WKBZ
- Muskegon Heights, Michigan; United States;
- Broadcast area: Muskegon, Michigan
- Frequency: 1520 kHz

Programming
- Format: Children's/CHR

Ownership
- Owner: WLC Broadcasting

History
- First air date: February 1963
- Last air date: March 2001
- Former call signs: WKJR (1963–1990); WQWQ (1990–1992, 1992–1999); WWEZ (February 1 – July 24, 1992);

Technical information
- Facility ID: 47109
- Class: B
- Power: 10,000 watts day; 1,000 watts night;

= WKBZ (1520 AM) =

Radio station in Muskegon, Michigan (1963–2001)

WKBZ was a radio station on 1520 kHz in Muskegon Heights, Michigan. It broadcast between 1963 and 2001 and was last owned by WLC Broadcasting.

==History==
The construction permit for WKJR, a daytime-only station on 1520, was obtained on September 27, 1962. The permit was owned by William and William Eugene Kuiper, doing business as the Muskegon Heights Broadcasting Company. The station hit the air in February 1963 and increased its daytime power to 10,000 watts in 1971. The station suffered a humorous accident in 1975 when a field mouse crawled into the transmitter site, shorting out a transformer and keeping the station off the air for 45 minutes during its broadcast of a high school basketball game.

In 1979, majority control was transferred to another Kuiper business—the Furniture City Broadcasting Corporation, which owned WFUR in Grand Rapids—which procured authorization two years later to broadcast at night with 500 watts. March 1974 brought an FM sister station, WKJR-FM 101.7 (now WMRR); the stations broadcast religious programming.

WKJR was acquired in 1990 by Pathfinder Communications Corporation as part of a $1.27 million purchase and became WQWQ, call letters formerly on its sister FM, and that the AM station would use for almost all of the 1990s and through sales to Muskegon Lakeshore Broadcasting in 1994 and WLC Broadcasting in 1997. (The station briefly went by WWEZ for five months in 1992.) Upon becoming WQWQ, the station flipped to soft adult contemporary, and after trying hot AC that fall, moved back to soft AC in early 1991 in order to ensure an FM station did not fill the format void. WLC was owned by Bishop Nathaniel Wells and flipped WQWQ back to a religious format, with gospel music and church services. In 1998, as part of a bankruptcy settlement, WLC donated its WKBZ at 850 kHz to Grand Valley State University, which became WGVS. The WKBZ intellectual unit, news/talk programming and call letters were retained by the seller and moved to 1520 kHz.

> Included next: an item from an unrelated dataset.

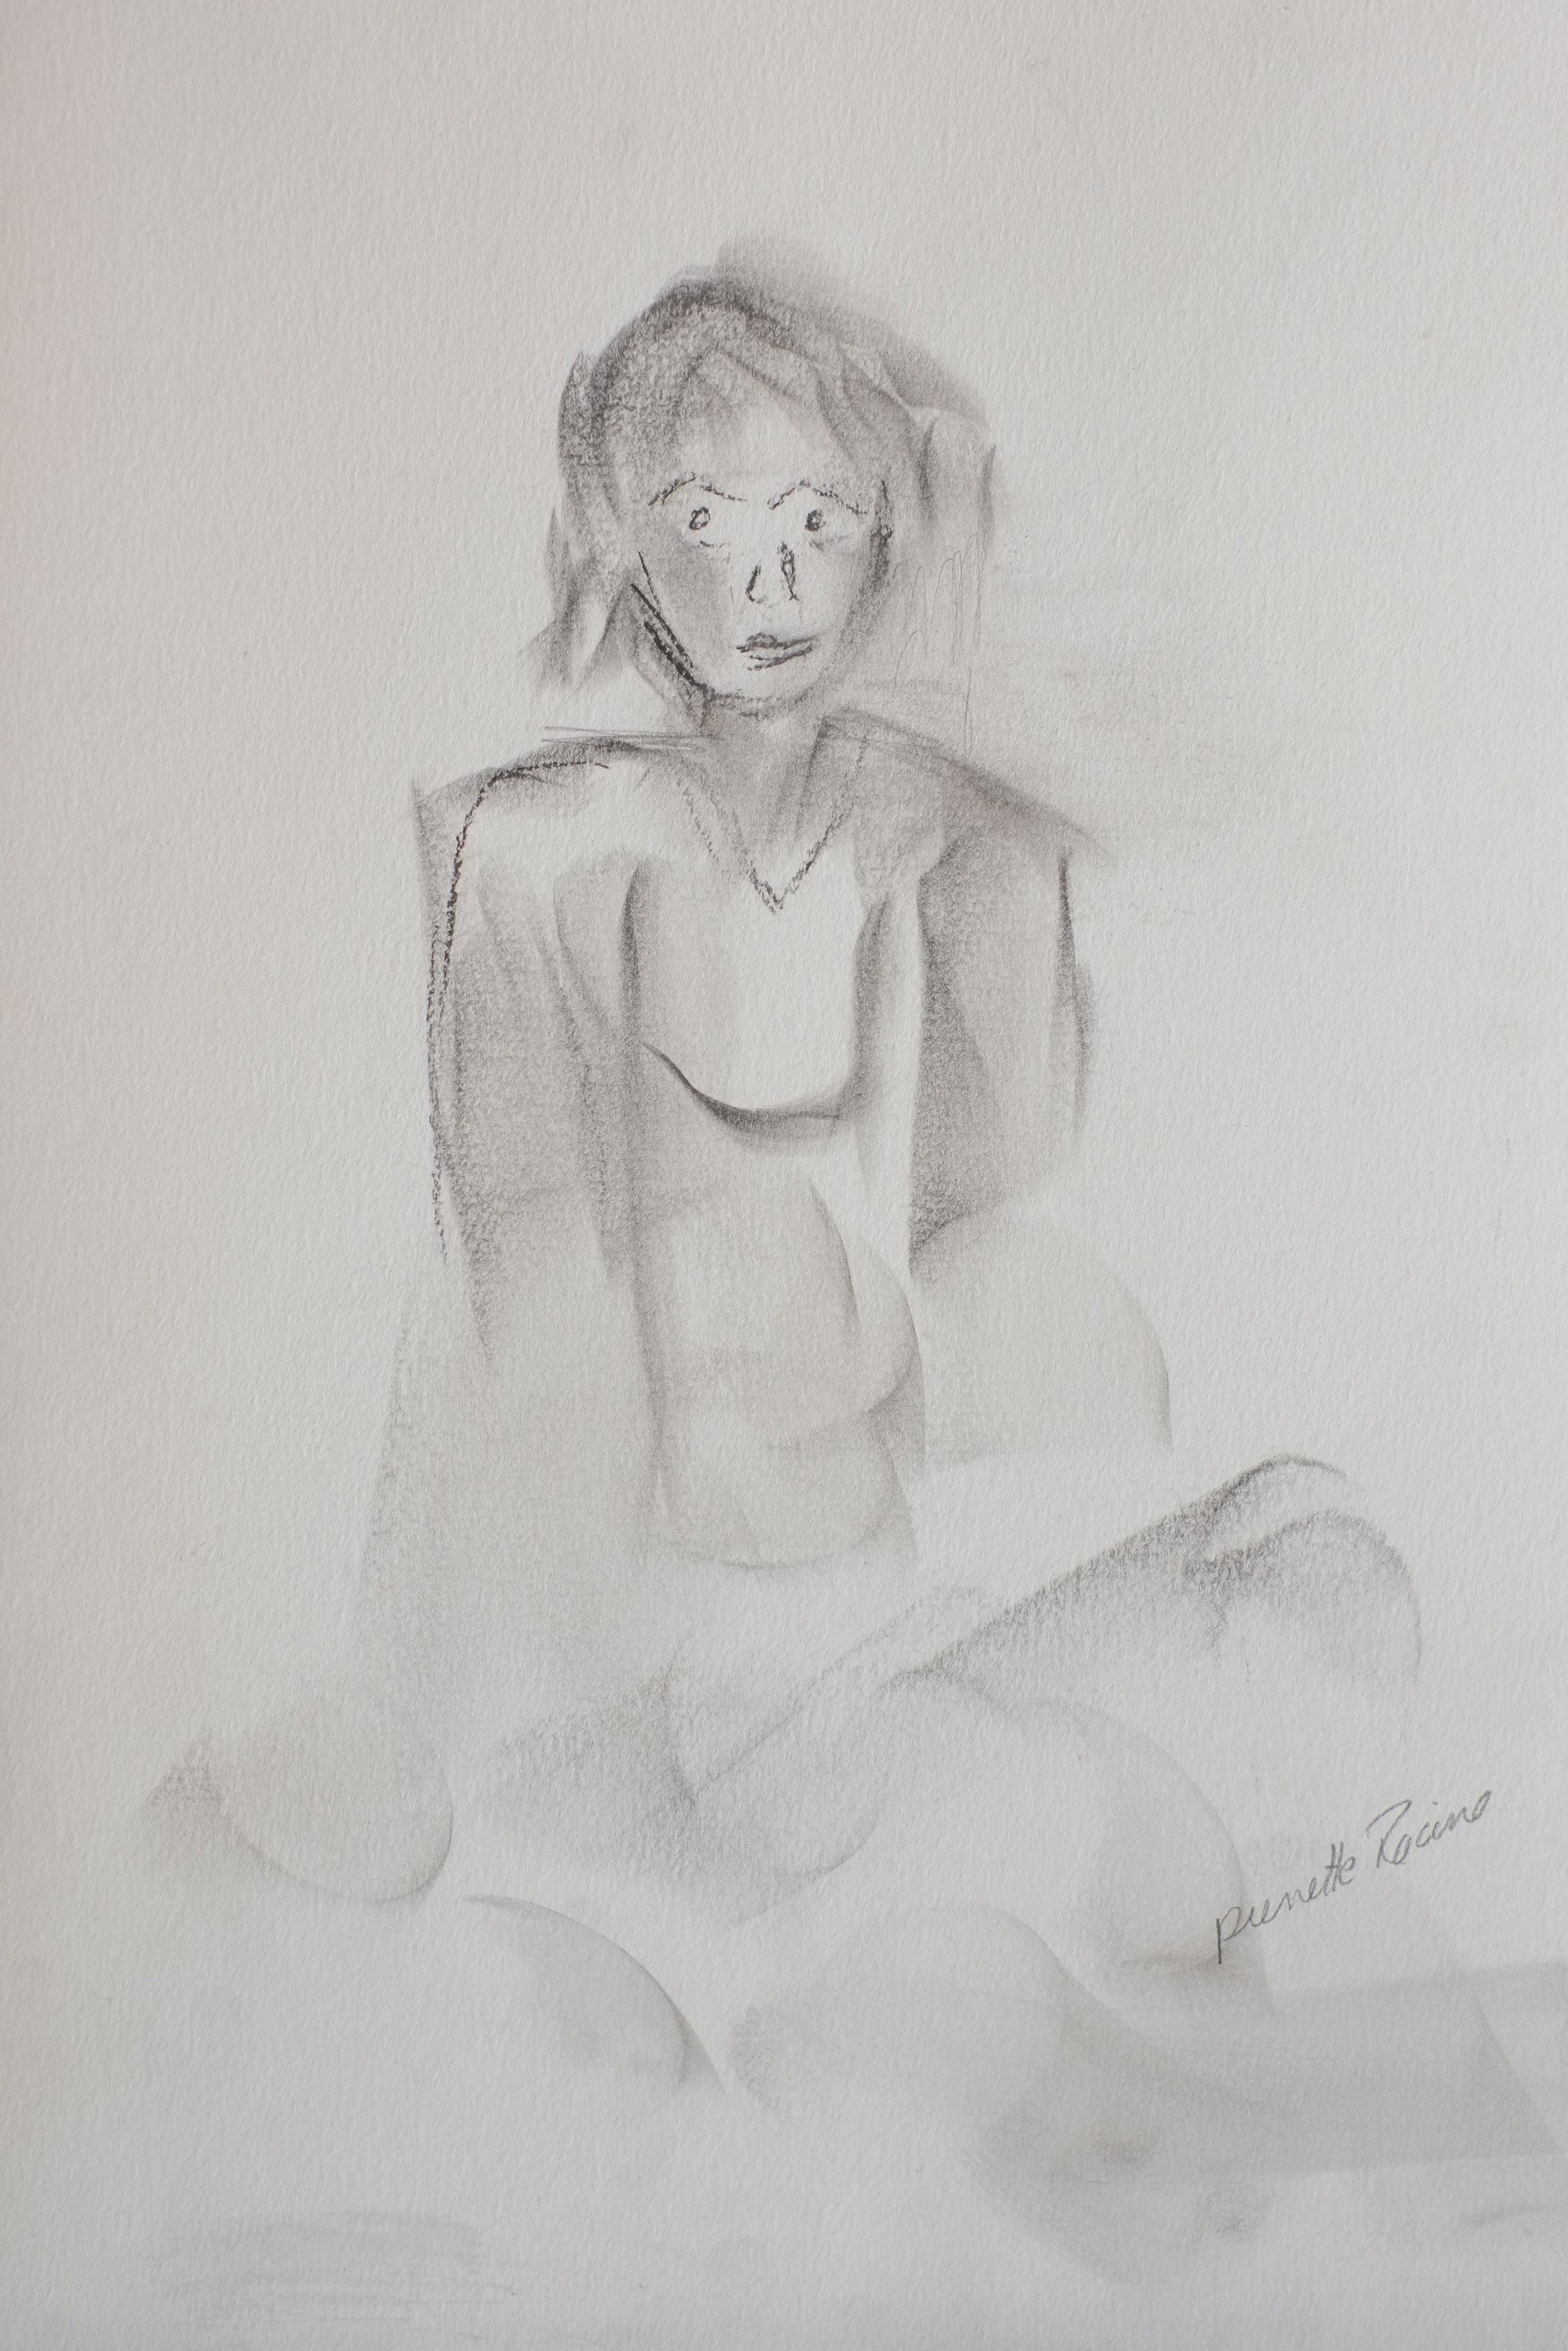 Pierrette Racine

However, WLC's financial troubles continued. After a sale to Harbor Pointe Broadcasting collapsed because the company went bankrupt, the station went off the air in March 2001, when WLC Broadcasting became bankrupt and its assets claimed by creditors. The station became an affiliate of Radio Disney during its final two months of operation. The station's license was officially cancelled in June 2002.